|M.Sc Student||Amran Yogev|
|Subject||Characterization and Modeling of Phase Transition Kinetics|
in Austempered Ductile Iron
|Department||Department of Materials Science and Engineering||Supervisor||Professor Emeritus Menachem Bamberger|
|Full Thesis text|
Austempered ductile iron (ADI) is a material that enables achieving a variety of excellent mechanical properties. The material is essentially a cast ductile iron that undergoes a specifically designed austempering heat treatment. The special microstructure of ADI, contains of graphite spheres embedded in ausferrite (microstructure of ferrite and carbon supersaturated austenite) matrix, offers design engineers an alternative to steel and aluminum alloys when high strength and low wear are required. In the present thesis, the transformation from austenite to ausferrite was investigated for two kinds of ADI alloys, with and without Cu addition, austenized at 900°C for 90 min and austempered for various times at two different temperatures, 400°C and 350°C, followed by water-quenching.

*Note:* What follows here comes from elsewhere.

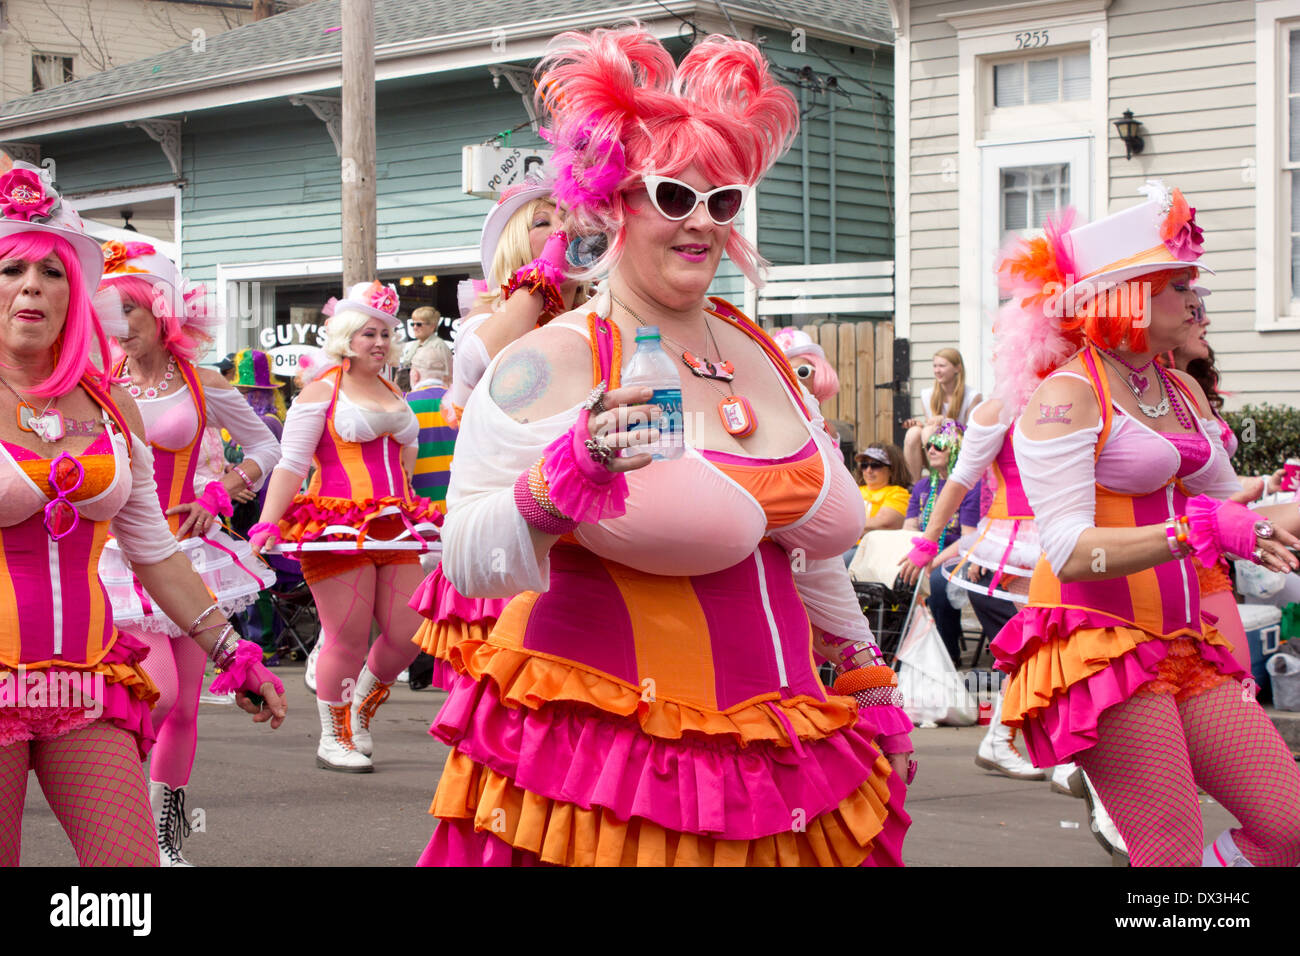 The Pussyfooters marching group strutting in a New Orleans parade. Stock Photo

Current thesis focuses on understanding the phase transition involved in austempering and the influence of Cu addition and austempering temperature on the phase transition. The samples were investigated by optical microscopy, X-Ray Diffraction, Neutron Diffraction, Auger Electron Spectroscopy, Scanning Electron Microscopy, Transmission Electron Microscopy and Microhardness measurements. In addition, a modified quantitative kinetics model taking into account the nucleation sites of ferrite in ADI alloys was developed.

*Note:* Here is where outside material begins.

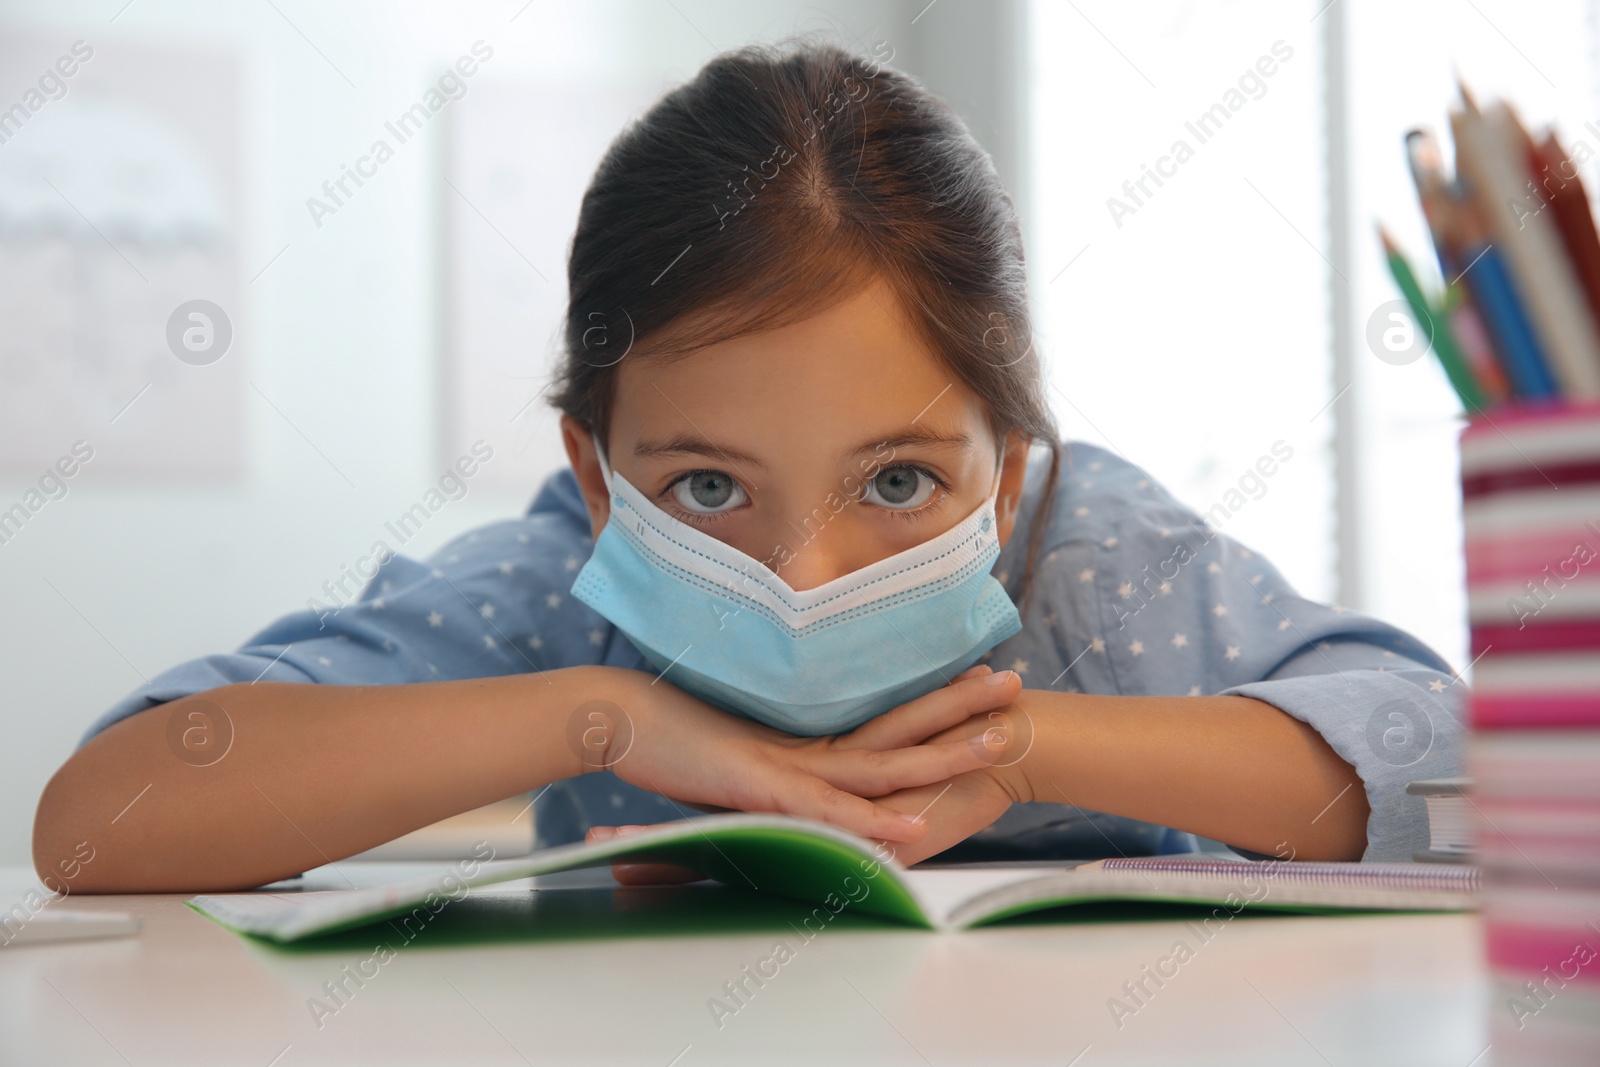 Photo of Distance learning, online studying at home due to Covid-19 pandemic. Girl in protective mask doing homework in room

During the austempering process, the amount of the "primary" austenite (which transforms to martensite during water-quenching after austempering) decreases while the amounts of ferrite and carbon supersaturated austenite increase with the austempering time, until stabilization is reached. The carbon content in the austenite also increases with the austempering time, until stabilization is reached.

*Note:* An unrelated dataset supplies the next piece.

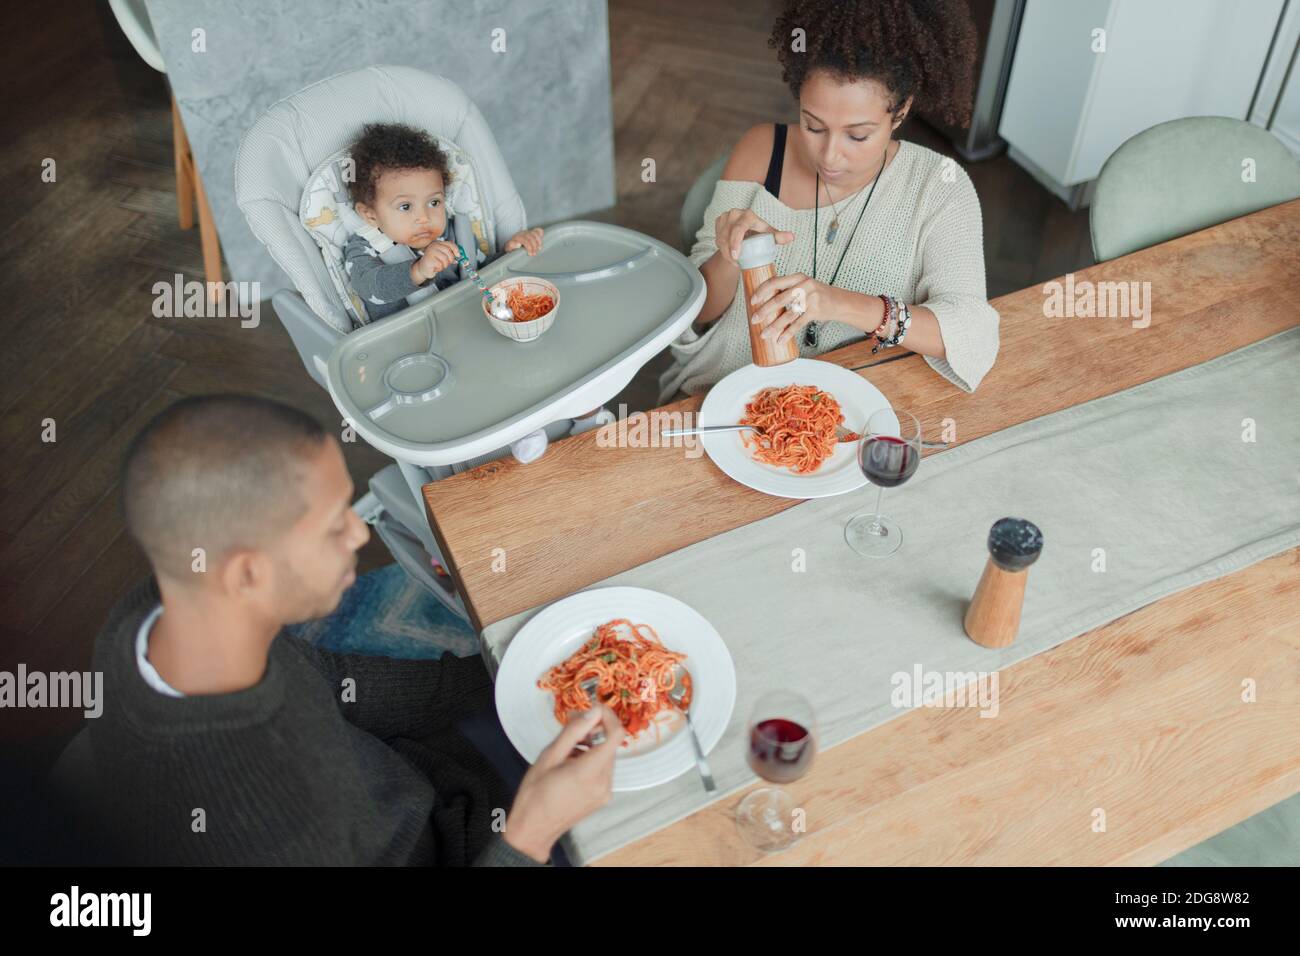 Family eating spaghetti at dining table and high chair Stock Photo

The addition of copper increases the fraction of the "primary" austenite in the alloy and the carbon content in the "primary" austenite after austenization. After austempering, the addition of copper decreases the final carbon content in the austenite, but increases the final austenite fraction.
Decrease of the austempering temperature decreases the austenite fraction, increases the final carbon content in the austenite and refines the ferrite needle.
A modified quantitative model, describing the kinetics of the ausferrite transformation, was developed. For the first time, the modified model takes into account the nucleation sites of ferrite in ADI.